The charge q_{2} can also act on q_{1} in a similar manner, by which it returns some of the momentum that it received from q_{1}. This back-and-forth component of momentum contributes to magnetic inductance. The closer that q_{1} and q_{2} are, the greater the effect. When q_{2} is inside a conductive medium such as a thick slab made of copper or aluminum, it more readily responds to the force applied to it by q_{1}. The energy of q_{1} is not instantly consumed as heat generated by the current of q_{2} but is also stored in two opposing magnetic fields. The energy density of magnetic fields tends to vary with the square of the magnetic field's intensity; however, in the case of magnetically non-linear materials such as ferromagnets and superconductors, this relationship breaks down.

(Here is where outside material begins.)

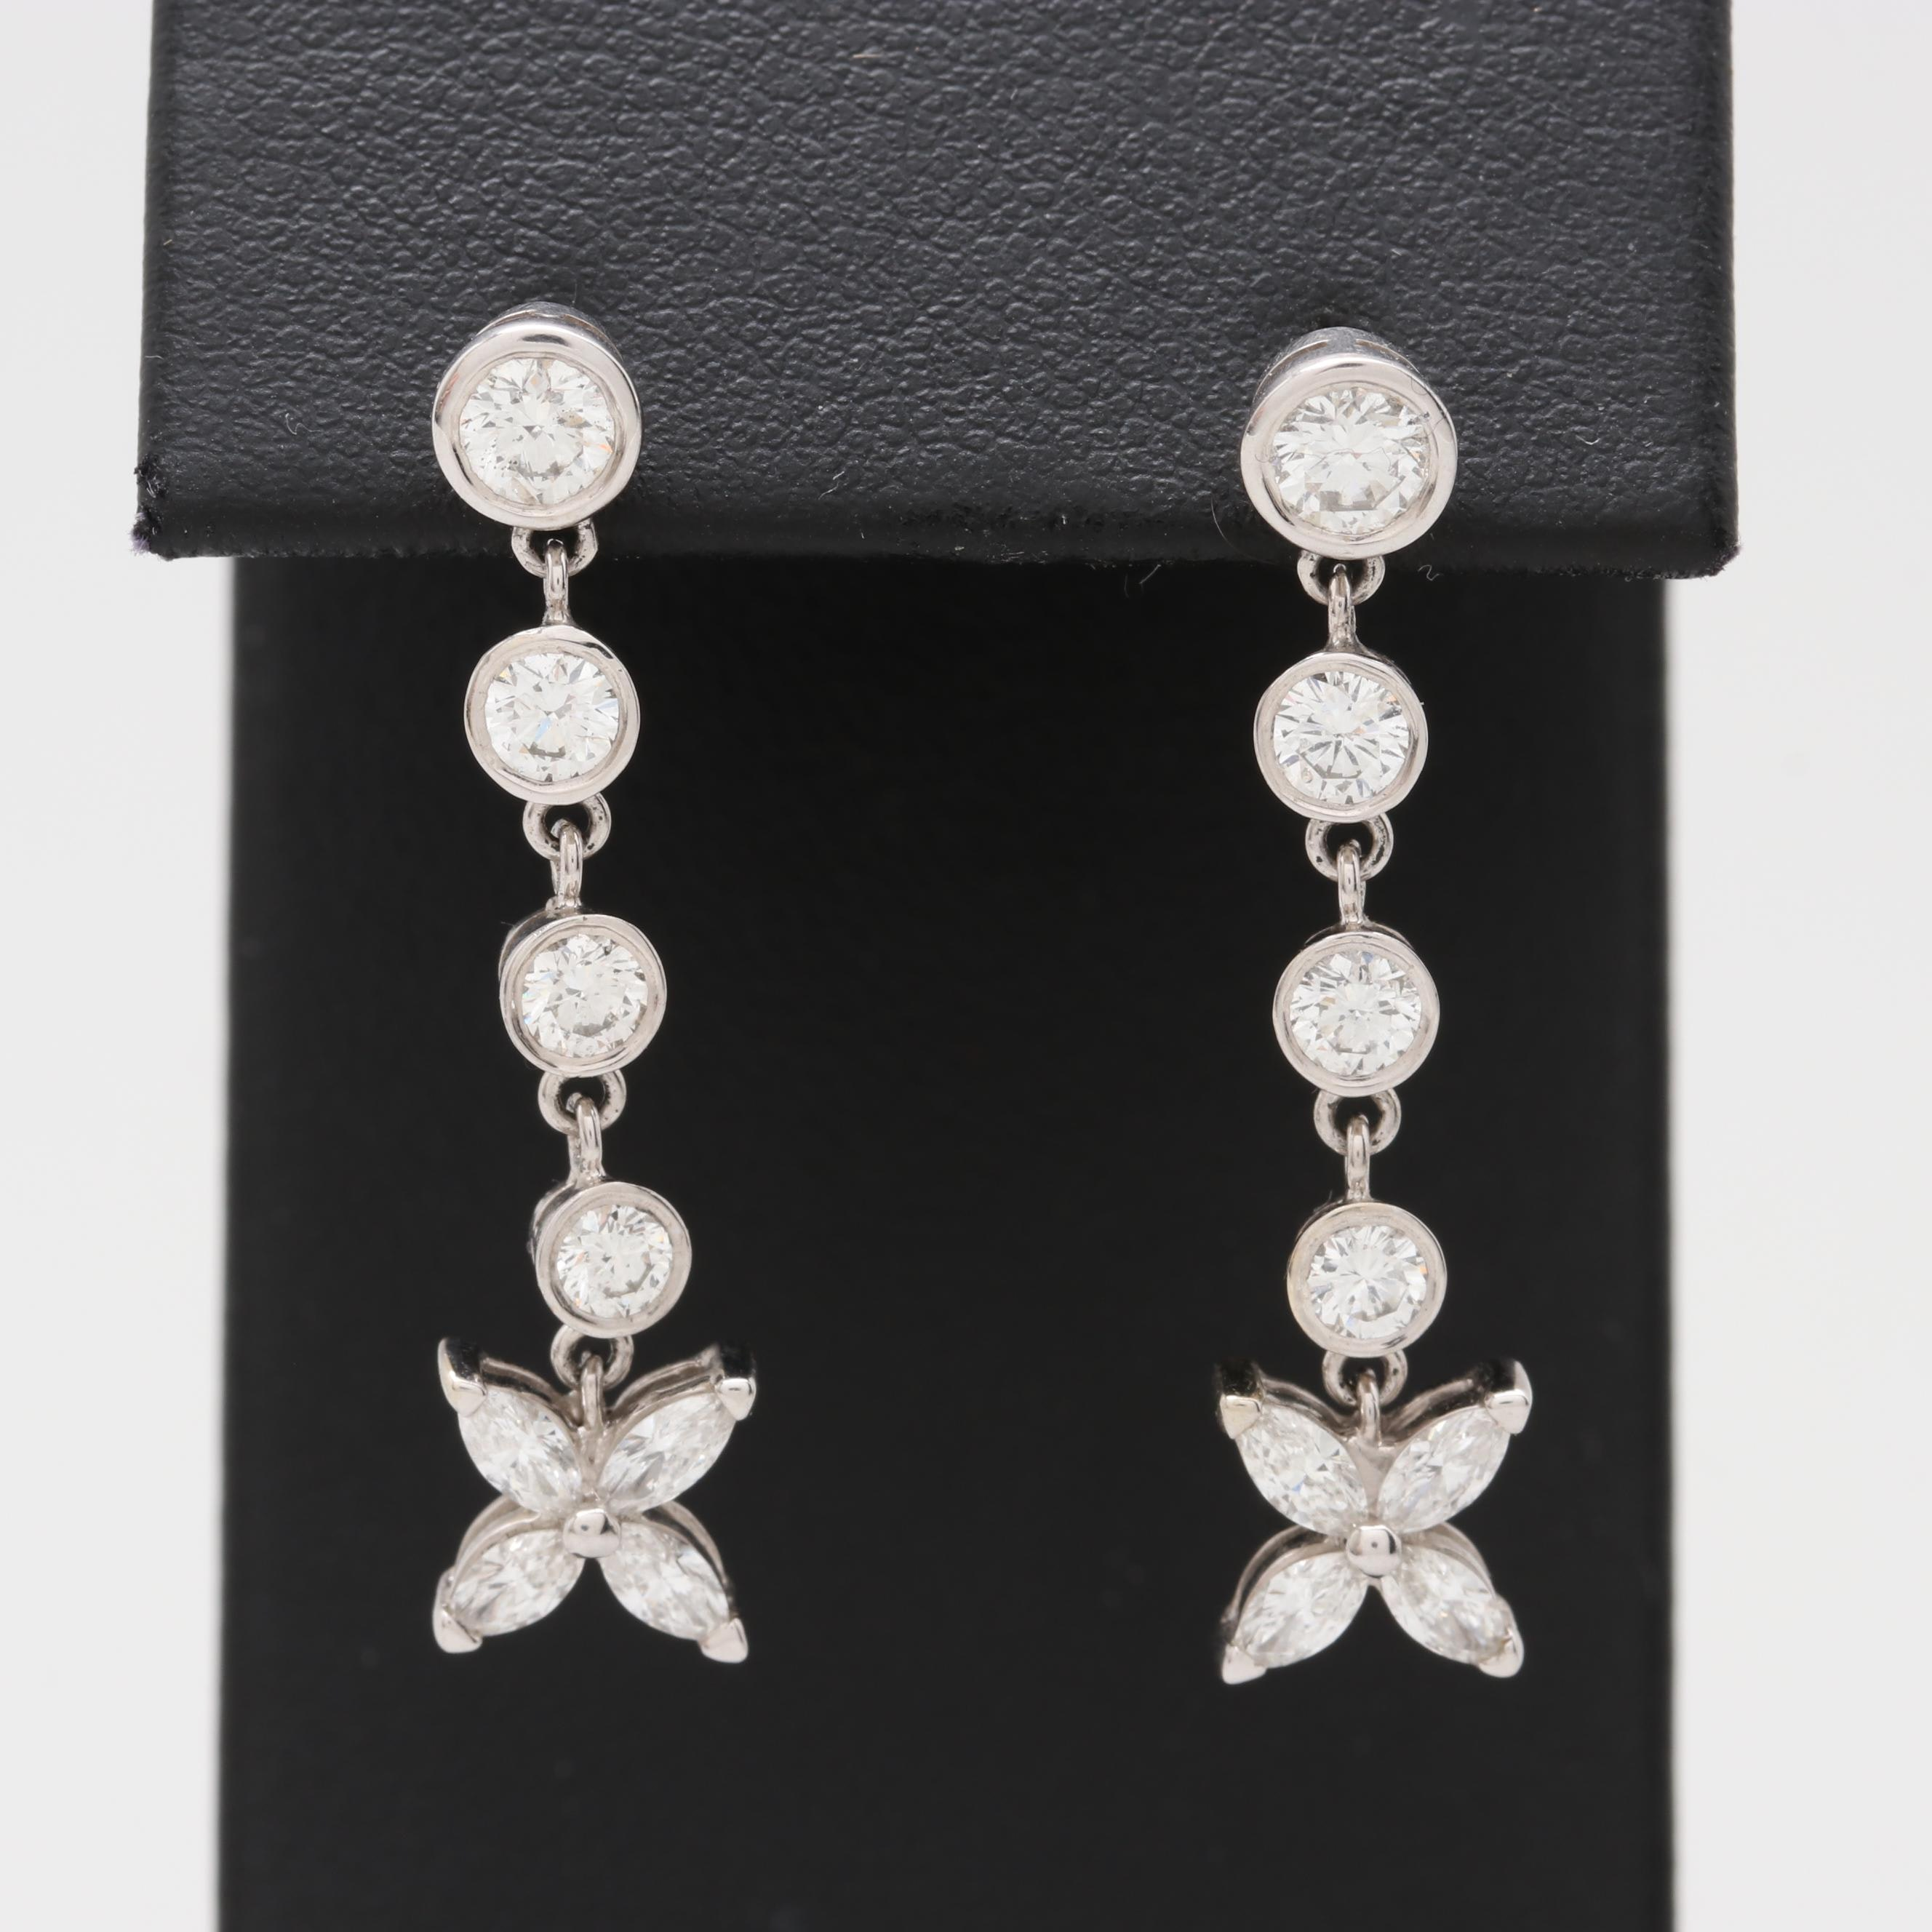 14K White Gold 2.24 CTW Diamond Drop Earrings

==Conservation of momentum==
Momentum must be conserved in the process, so if q_{1} is pushed in one direction, then q_{2} ought to be pushed in the other direction by the same force at the same time. However, the situation becomes more complicated when the finite speed of electromagnetic wave propagation is introduced (see retarded potential). This means that for a brief period the total momentum of the two charges is not conserved, implying that the difference should be accounted for by momentum in the fields, as asserted by Richard P. Feynman. Famous 19th century electrodynamicist James Clerk Maxwell called this the "electromagnetic momentum". Yet, such a treatment of fields may be necessary when Lenz's law is applied to opposite charges. It is normally assumed that the charges in question have the same sign. If they do not, such as a proton and an electron, the interaction is different. An electron generating a magnetic field would generate an EMF that causes a proton to accelerate in the same direction as the electron. At first, this might seem to violate the law of conservation of momentum, but such an interaction is seen to conserve momentum if the momentum of electromagnetic fields is taken into account.